Advanced partitioning
You can combine HASH
and RANGE
partitioning to create more complex partition
schemas. You can also specify zero or more HASH
definitions, followed by zero or one RANGE
definitions. Each schema definition can encompass one or more columns. While enumerating every
possible distribution schema is out of the scope of this topic, the following examples illustrate
some of the possibilities.
PARTITION BY HASH and RANGE
Consider the basic PARTITION BY
HASH
example above. If you often query for a range of sku
values, you can optimize the example by
combining hash partitioning with range partitioning.
The following example still creates 16 tablets, by first hashing the id
column into 4 partitions, and then applying range partitioning to split each partition into
four tablets, based upon the value of the sku
string.
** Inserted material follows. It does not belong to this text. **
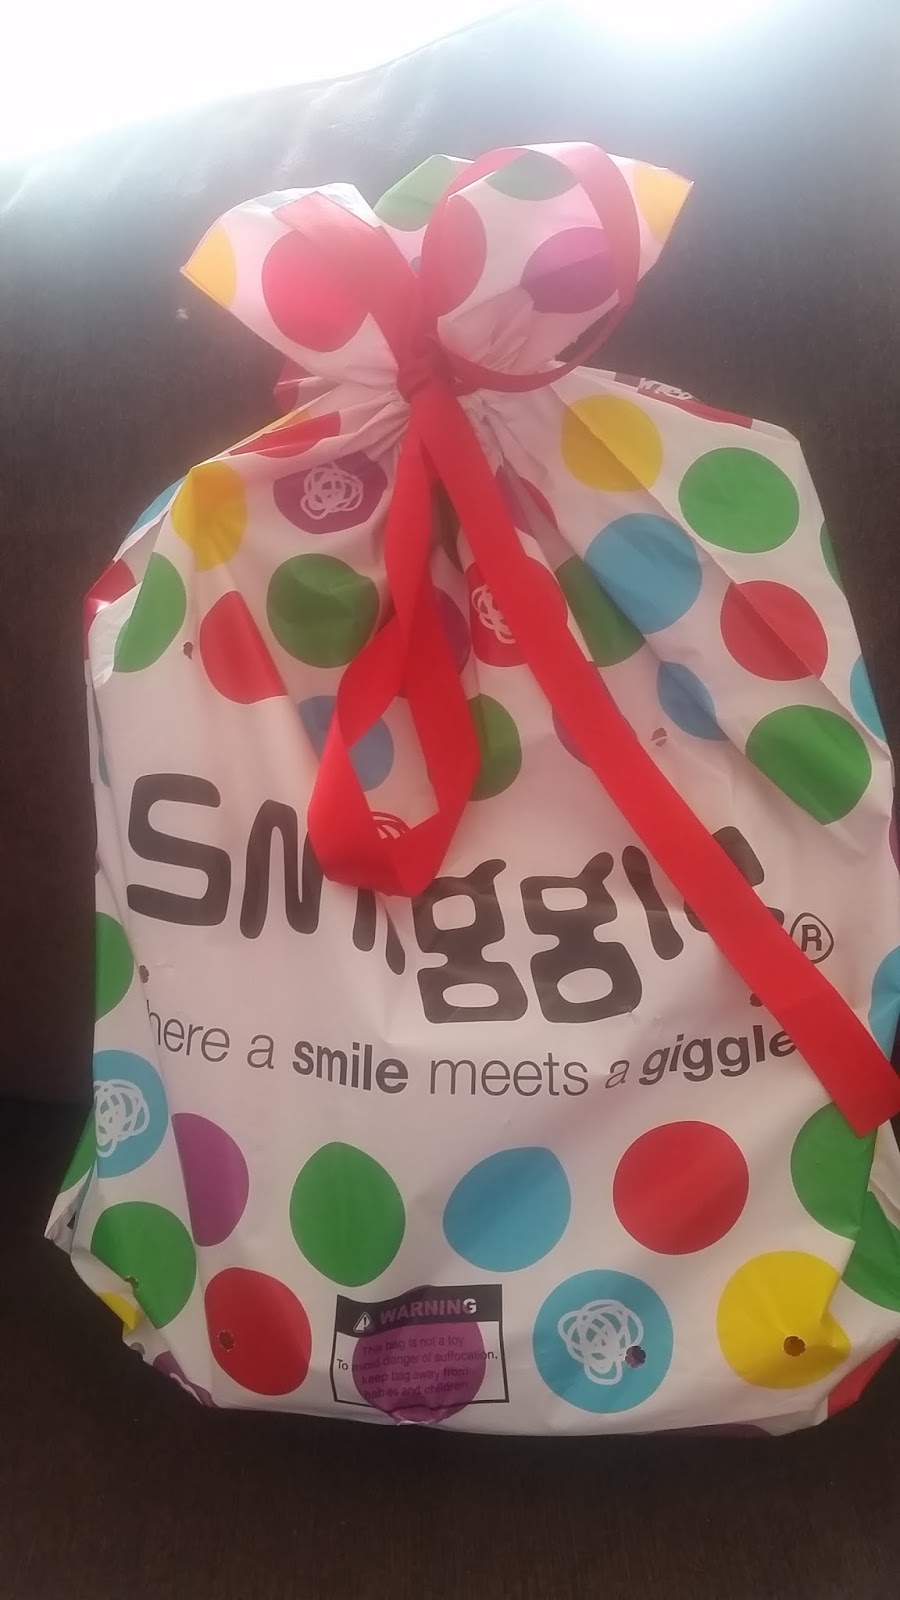 Where A Smile Meets A Giggle; A Fun Day Out At Smiggle

At least four tablets (and possibly up to 16) can be written to in
parallel, and when you query for a contiguous range of sku
values, there's a good chance you only need
to read a quarter of the tablets to fulfill the query.
By default, the entire primary key (id,
sku)
will be hashed when you use PARTITION BY HASH
. To hash on only part of the primary key, and use a range
partition on the rest, use the syntax demonstrated below.
CREATE TABLE cust_behavior (
id BIGINT,
sku STRING,
salary STRING,
edu_level INT,
usergender STRING,
`group` STRING,
city STRING,
postcode STRING,
last_purchase_price FLOAT,
last_purchase_date BIGINT,
category STRING,
rating INT,
fulfilled_date BIGINT,
PRIMARY KEY (id, sku)
)
PARTITION BY HASH (id) PARTITIONS 4,
RANGE (sku)
(
PARTITION VALUES < 'g',
PARTITION 'g' <= VALUES < 'o',
PARTITION 'o' <= VALUES < 'u',
PARTITION 'u' <= VALUES
)
STORED AS KUDU;
Multiple PARTITION BY HASH Definitions
CREATE TABLE cust_behavior (
id BIGINT,
sku STRING,
salary STRING,
edu_level INT,
usergender STRING,
`group` STRING,
city STRING,
postcode STRING,
last_purchase_price FLOAT,
last_purchase_date BIGINT,
category STRING,
rating INT,
fulfilled_date BIGINT,
PRIMARY KEY (id, sku)
)
PARTITION BY HASH (id) PARTITIONS 4,
HASH (sku) PARTITIONS 4
STORED AS KUDU;
The example creates 16 partitions. You could also use HASH (id, sku) PARTITIONS 16
. However, a scan for
sku
values would almost always impact all
16 partitions, rather than possibly being limited to 4.